Last week’s post was about the more popular of the bilingual family language strategies: one parent/person, one language or simply OPOL as it is generally know. This week it is the turn of the approach called minority language at home, with the slightly more complicated acronym of mL@H.
As the name indicates, a family that uses the mL@H strategy only speaks a minority language with each other. The family’s common language can, but does not have to be the native language both parents. The children become sequential bilinguals, as they learn the minority language first and the community language later from other sources, normally when starting nursery or school. (In an OPOL family, the children are normally simultaneous bilinguals, which means that they learn both/all their languages in parallel.)
The mL@H system has its obvious advantages, in so far that it is clear who speaks what language to whom in the family and that there is no need for translations within the home, but you will also come across words of warning if you search for advice on mL@H.
Some have claimed that it requires “strong nerves by the parents, since the child may not catch up with his monolingual peers in the majority language until around 5 years of age”. Yes, it may feel a bit worrying to send your little one out into the world with no or only limited knowledge of the language they will be surrounded by all day (I know I did, though my 6-year-old daughter did not seem to mind). Experience has however shown that children are very adaptable and quickly pick up a language once submersed in it. A “risk for complete linguistic isolation”, even a small risk, is a bit far-fetched in my mind – children do not need a common language to find ways of playing together and coming up with alternative ways of communicating!
Another caveat, equally unlikely in my opinion, is that if parents “decide to speak the minority language at home, but not in public, [their] child might feel that this language is not being good enough to be spoken in public. This may affect the child’s identification with the minority language.” Generally mL@H families always speak the minority language, independent of where they are – it is unusual to switch language at the door step (although there are families who do this). I strongly believe that parents should not only pass on their language, but also their pride in their language and culture and by doing this, the child will not regard the home language being second rate.
The mL@H may not have been as popular as OPOL in the past, but today it has the support of several experts. In her research, Professor Annick De Houwer found that 96% of children growing up in a family that uses mL@H become bilingual, making it the strategy with the highest overall success rate. Professor François Grosjean also favours this approach, because it “has a clear advantage in that the weaker language (the home language) will receive much more input than if only one parent uses it”. Professor Barbara Pearson Zurer finds that with mL@H “parents are carving out a domain for the minority language where it doesn’t have to compete for the child’s time and attention”, thus giving the minority language a solid base.
Should every family raising bilingual children now switch to mL@H?
Of course not. Statistically the answer may be ‘yes’, but in real life this is not possible. The mL@H approach works well if parents have a language in common in which they are comfortable enough to make it the only language they speak to their children.
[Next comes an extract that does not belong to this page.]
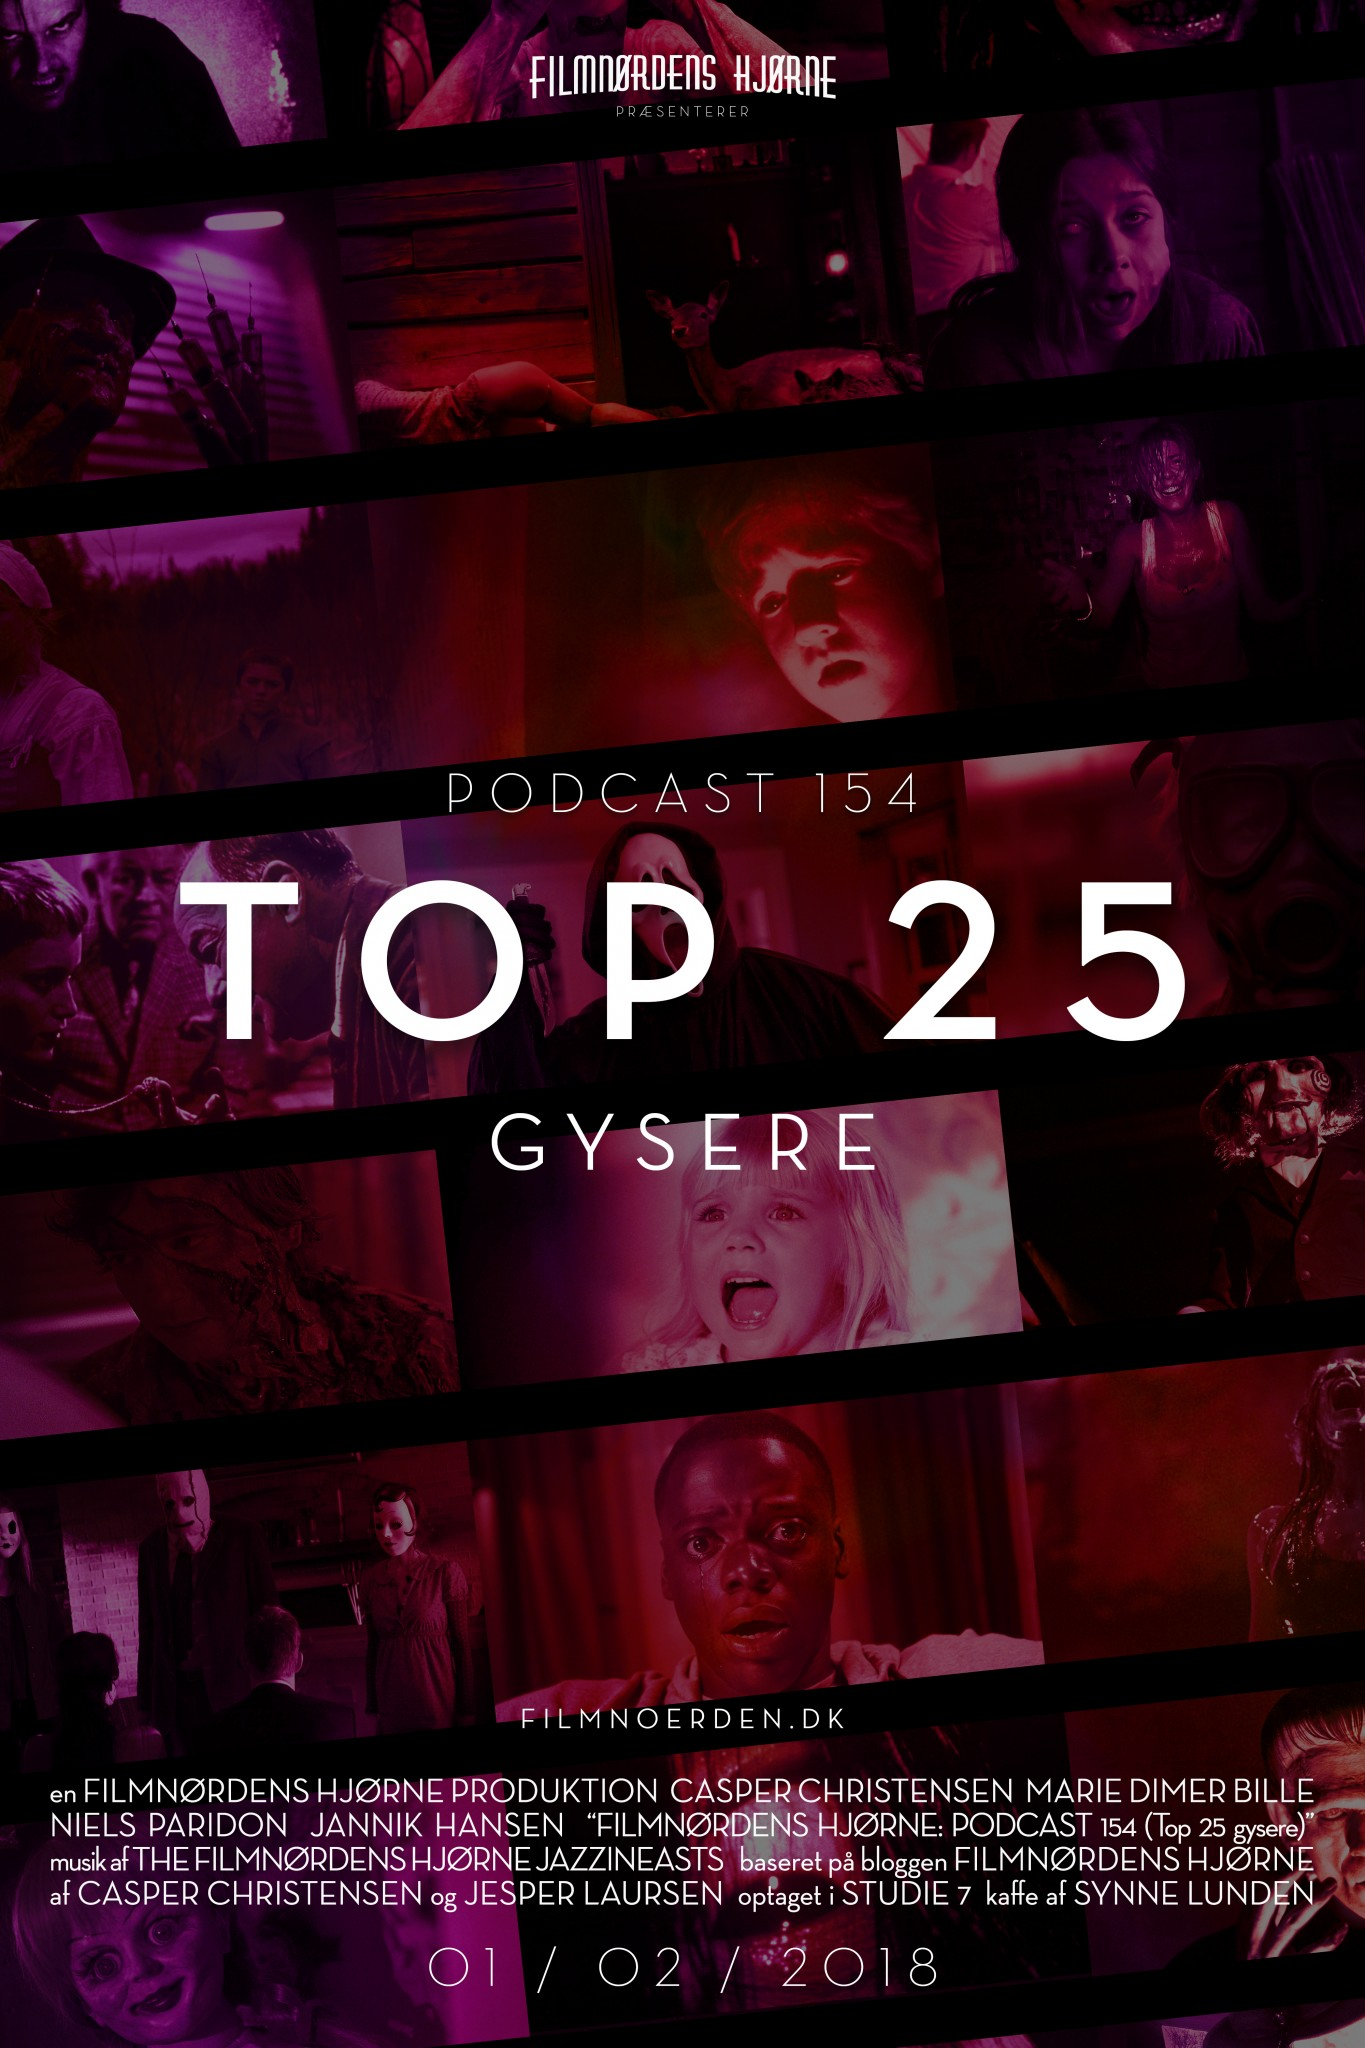 Podcast 154

If one parent feels awkward (or, perish the thought, both do) and not confident about using the language, I cannot recommend the mL@H approach. I have said this many times before, and I will say it again, the very purpose of language is communication, if the choice of language becomes something that negatively affects the relationship between a parent and a child, in my opinion, it is not the right choice. There are other ways of making sure your children become bilingual, not being able to fully connect with your offspring is too high a price to pay. Also, OPOL has worked wonderfully well in many families and may well do for you, too! (Also keep an eye out for next weeks’ posts on further approaches).
So who should use the mL@H strategy?
The obvious candidates for the mL@H system are migrant families who move to a place where the language the family members already speak with each other changes from being the majority language of the community to being the minority one. A move is a big upheaval in any family life, keeping the same language is beneficial on many levels. It offers a continuum in a situation where most other aspects of their life change and serves as a “safe haven” for the family language.
mL@H is also definitely worth considering if both parents know a common language well enough to be using it on a daily basis and in different scenarios with their children. If I had to decide whether to speak a language which is not my native one with my child, I would ask myself questions such as: Would I feel comfortable to discuss a difficult matter in the language – an example would be that my child has been bullied at school, could I find the words to express myself? Will I resent not using my mother tongue later on in life? Changing a language you speak with your child is not easy, I know this for sure. Note that you do not have to be accent-free or even perfectly fluent (whatever those terms mean) to speak a certain language with your child – your little one will not pick up your small deviations from the agreed language norm (but may well soon start pointing them out to you).
Taking the above into account, would I recommend that you choose mL@H as your family language strategy? Yes, I would, if it feels right for you.
What about you – is mL@H your strategy of choice? How are you getting on?
May the peace and power be with you.